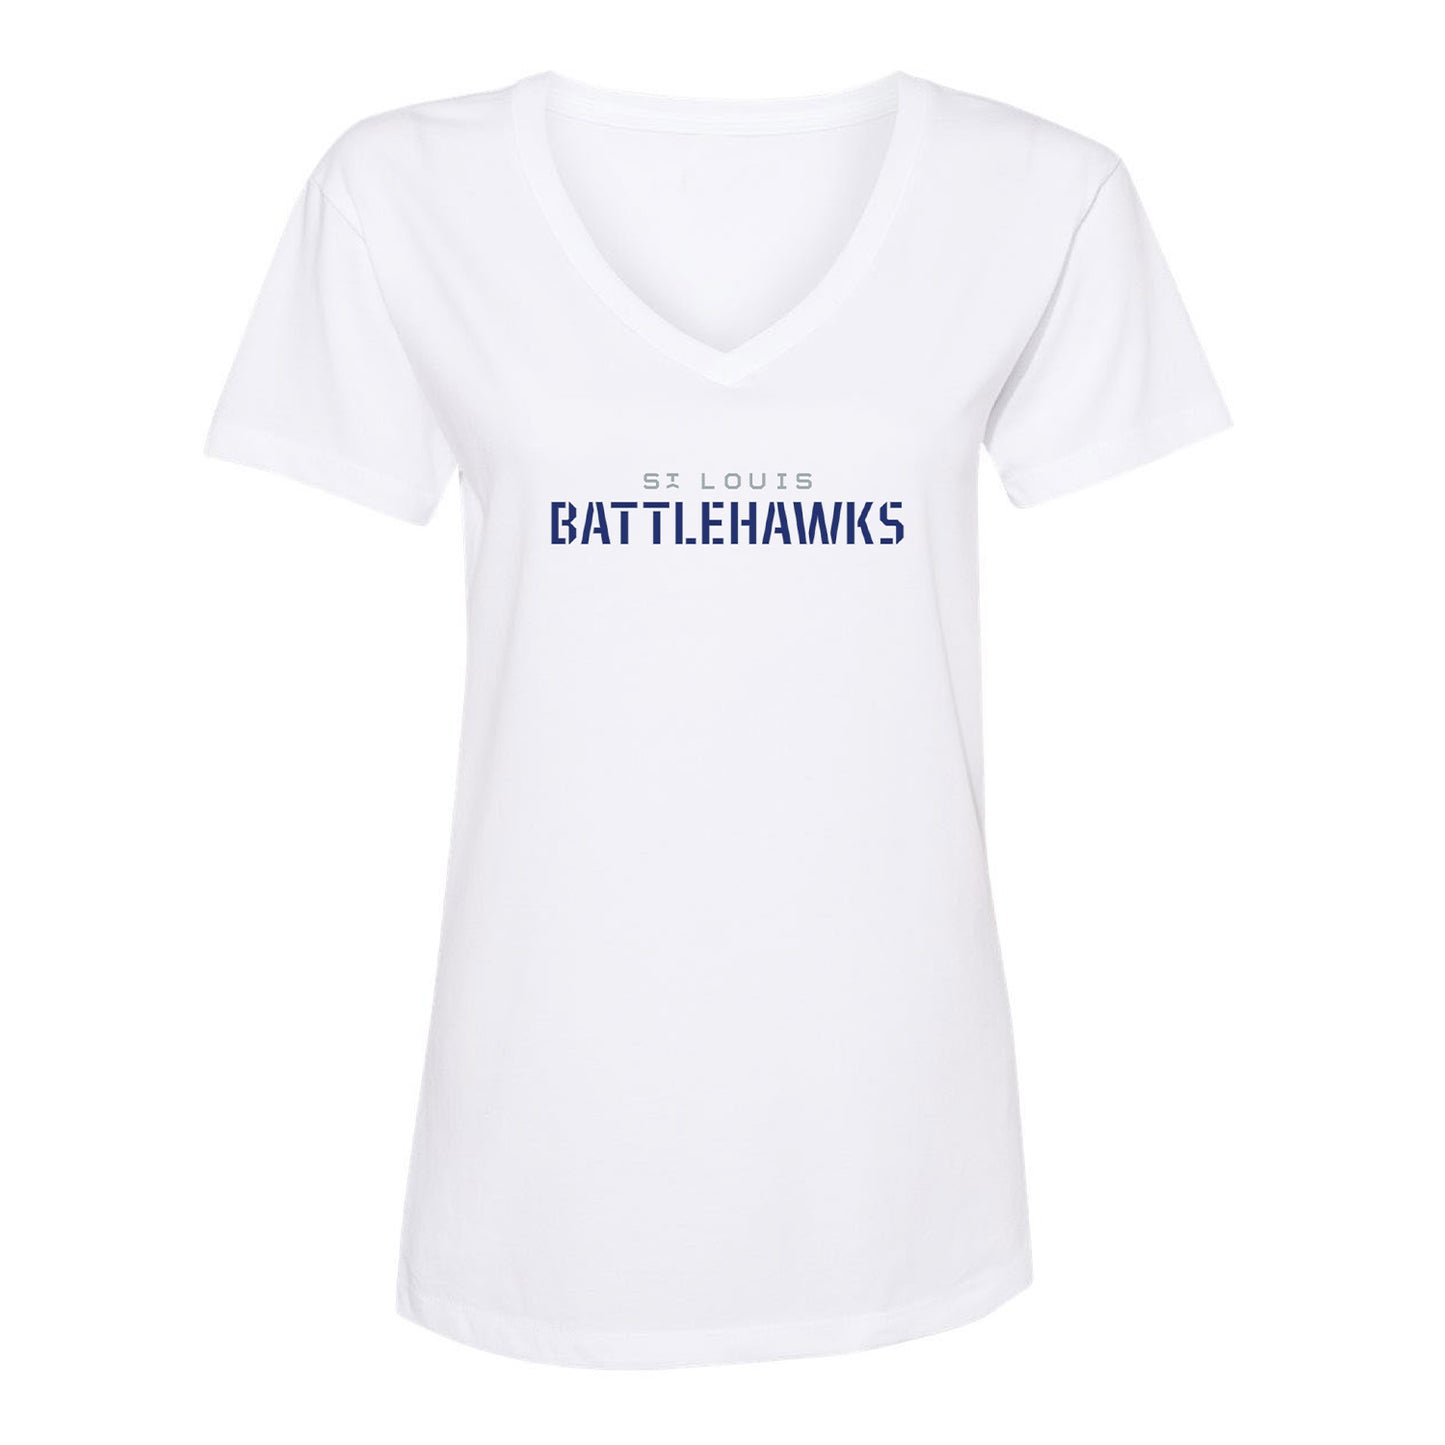 St. Louis Battlehawks Ladies T-Shirt In White - Front View
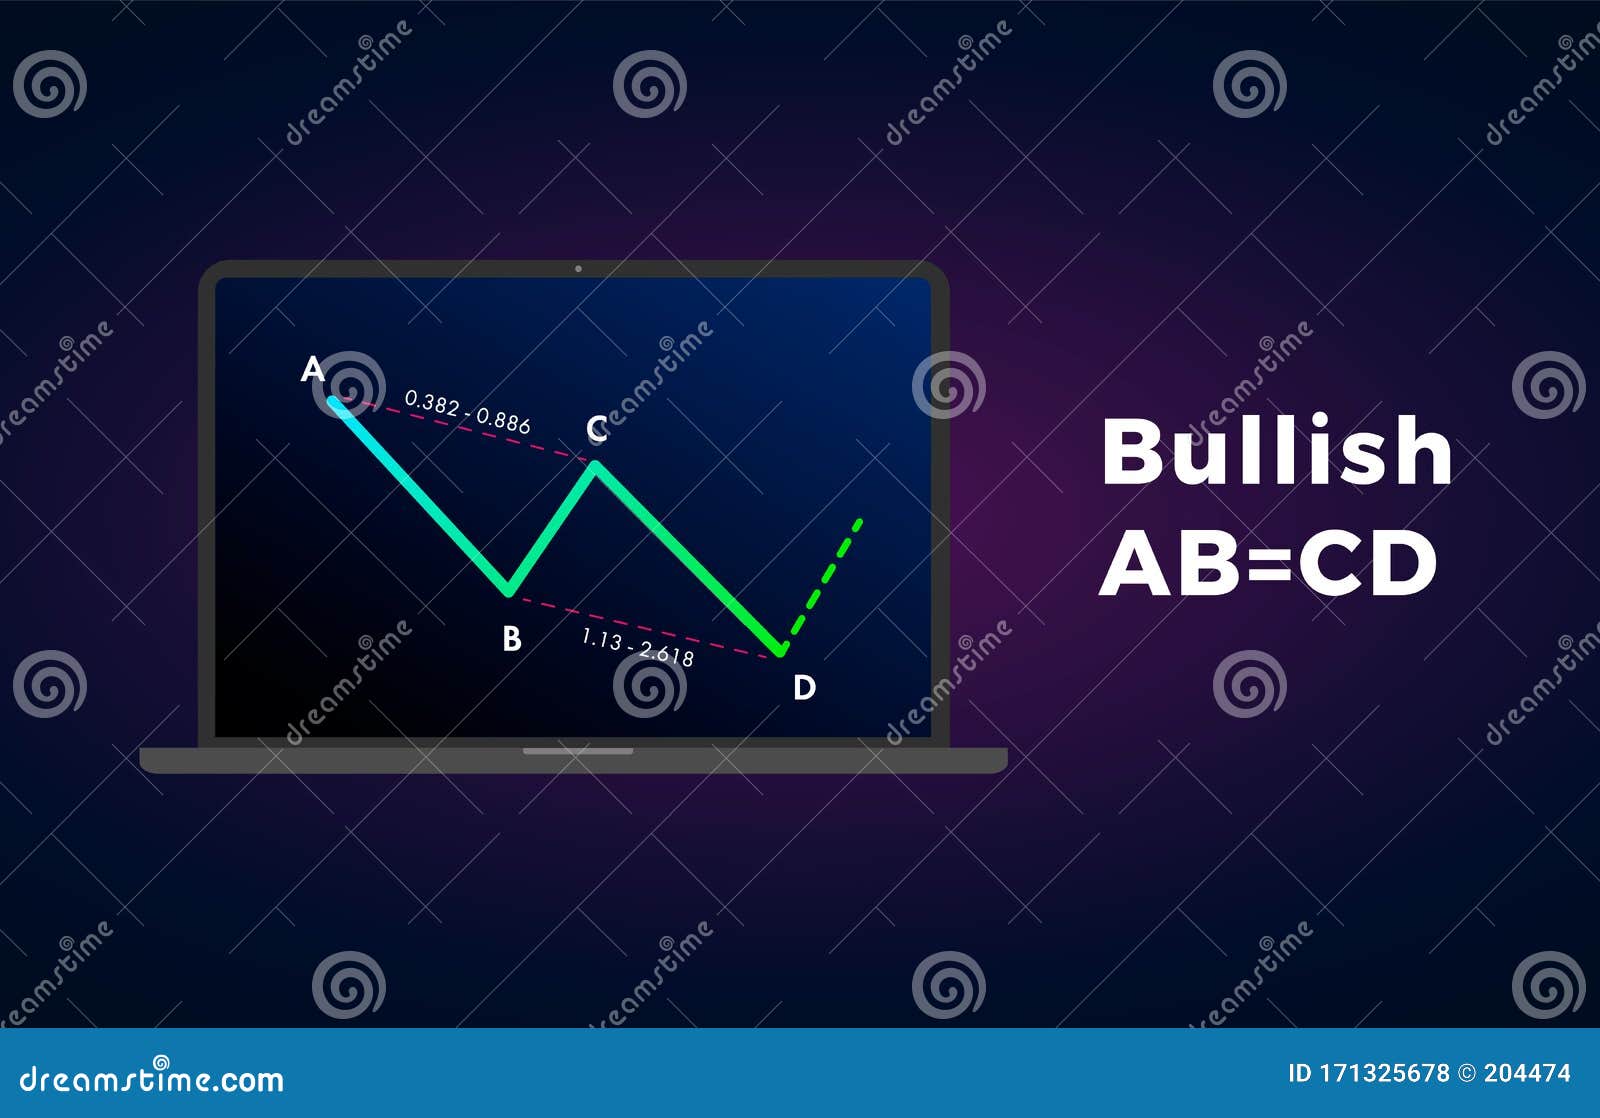 Bullish ABCD - Harmonic Patterns With Bullish Formation ...
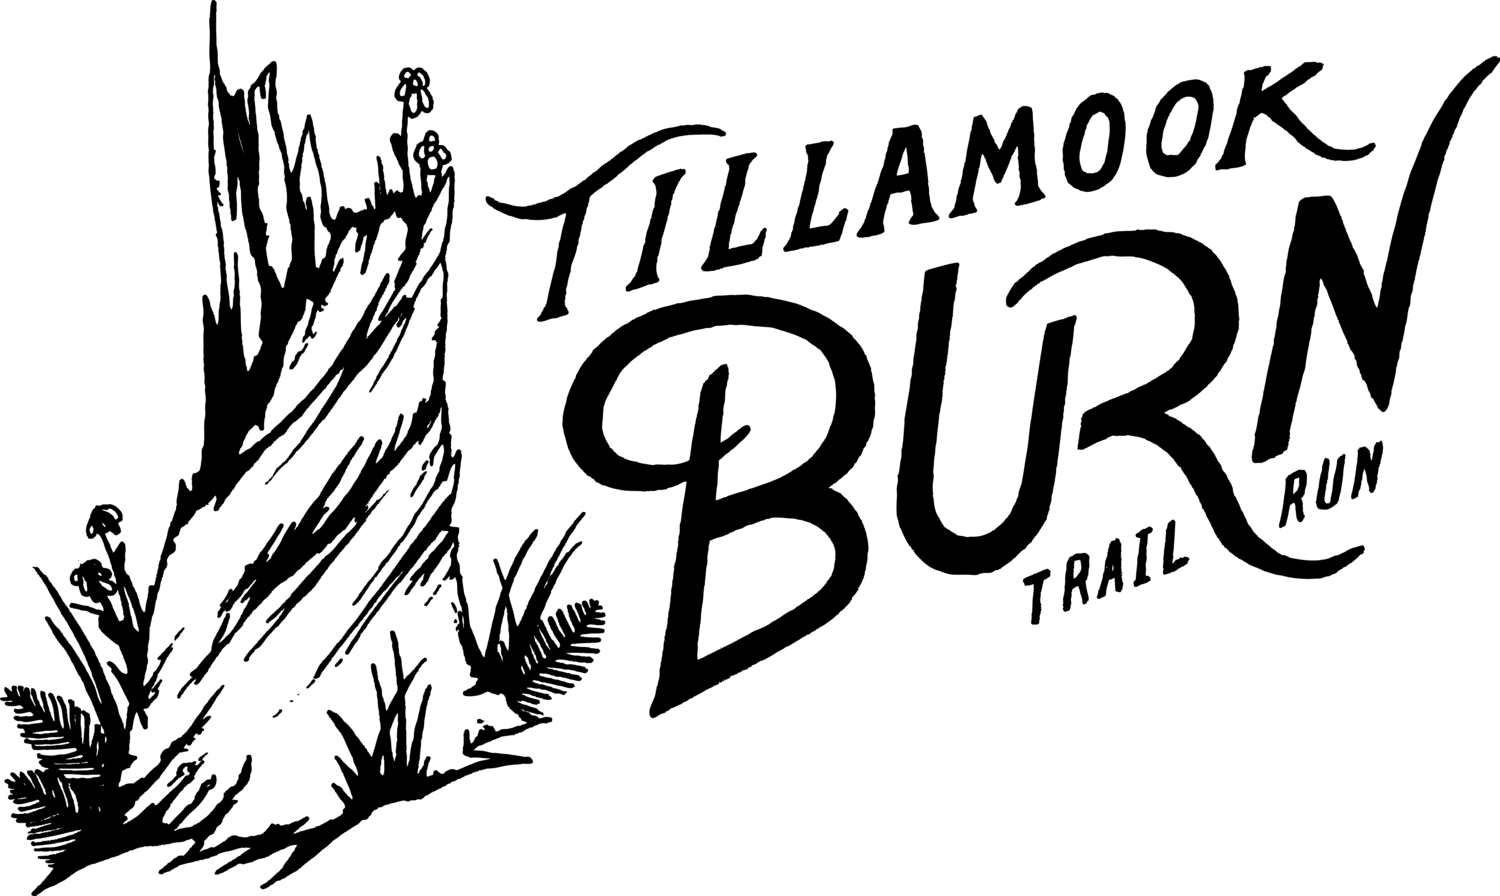 Tillamook Burn 50K Trail Run logo on RaceRaves

Task to complete:
Please transcribe the lines from the one containing "With Bullish Formation ..." to the last line of the listing, both included, exactly and with nothing added, leaving every picture out.

Your response:
 Bullish ABCD - Harmonic Patterns With Bullish Formation ...
 Tillamook Burn 50K Trail Run logo on RaceRaves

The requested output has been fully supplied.